Can you miss the sun when you’re not even sure it was real? It felt real I use to see it in the moon. Maybe that’s why I am feeling so lonely today, missing the moon, afraid to shadow that gentle light with my night-darkened clouds ever again. The moon deserves better. Can’t help feeling that powerlessness childhood brought. Frustrating. Things were supposed to be happy, you’re a kid. All the stories end up lies.
Can’t help but wonder, is everyone just really good at disguising the same pains, the same betrayals, or did I somehow cosmically deserve what the stories say should never happen to a kid. It’s what the better off try to believe, it seems. Those who are inherently good may experience troubles, but their life is no sadder than average. The rest of us, those without parents, or those dragged down by repeated, unusual tragedy. We deserved it, we must deserve it, otherwise they are not safe, their children are not safe from our kind of tragedies.
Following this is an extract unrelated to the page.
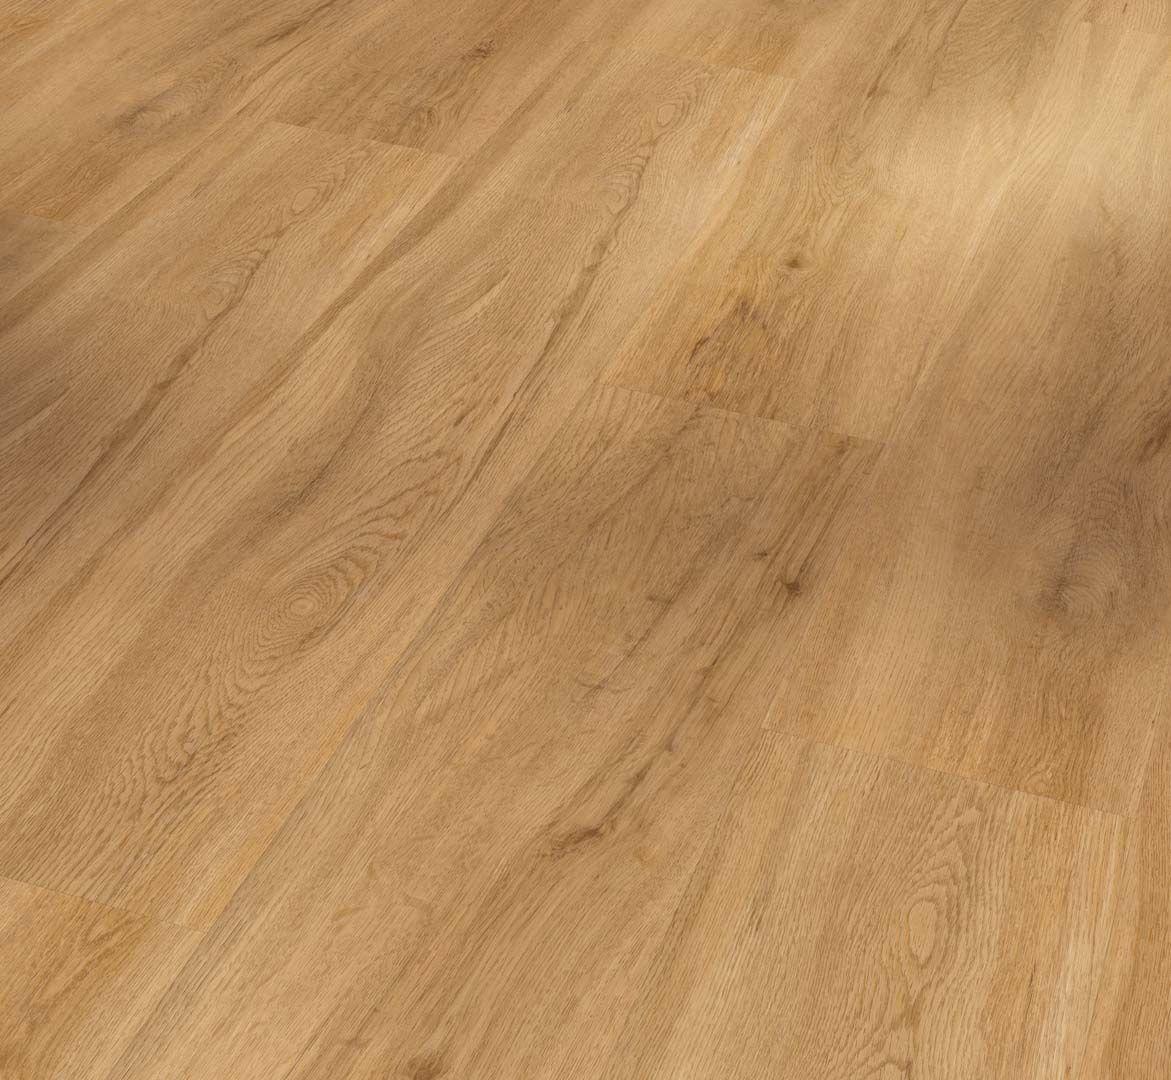 Oak Sierra natural

Did I somehow deserve having the sun ripped out of my life? Damn them and their lies about justice, innocence, and happy endings. It’s not the way the story should go. But this isn’t a story, is it? Stories are a tease, mocking some of us for what we will never have and what was taken away, giving us false hope that kicks us with lies after we’ve fallen. And I question myself, schooled to believe their lies. I deserve this.
I fight. That child is angry still. I survive to mar their perfect lie. I persist because both eyes need to be open. I see some of them squirm and wonder. I hope it makes them question their perfect hopes and beliefs. Likely, it only turns me into another awful person who deserves awful things. That storm cloud who questions the sunlight and ruins fun outings. They are oblivious that their willful blindness is at fault. I hate people.
I miss the moon, but she’s happy. I want that more.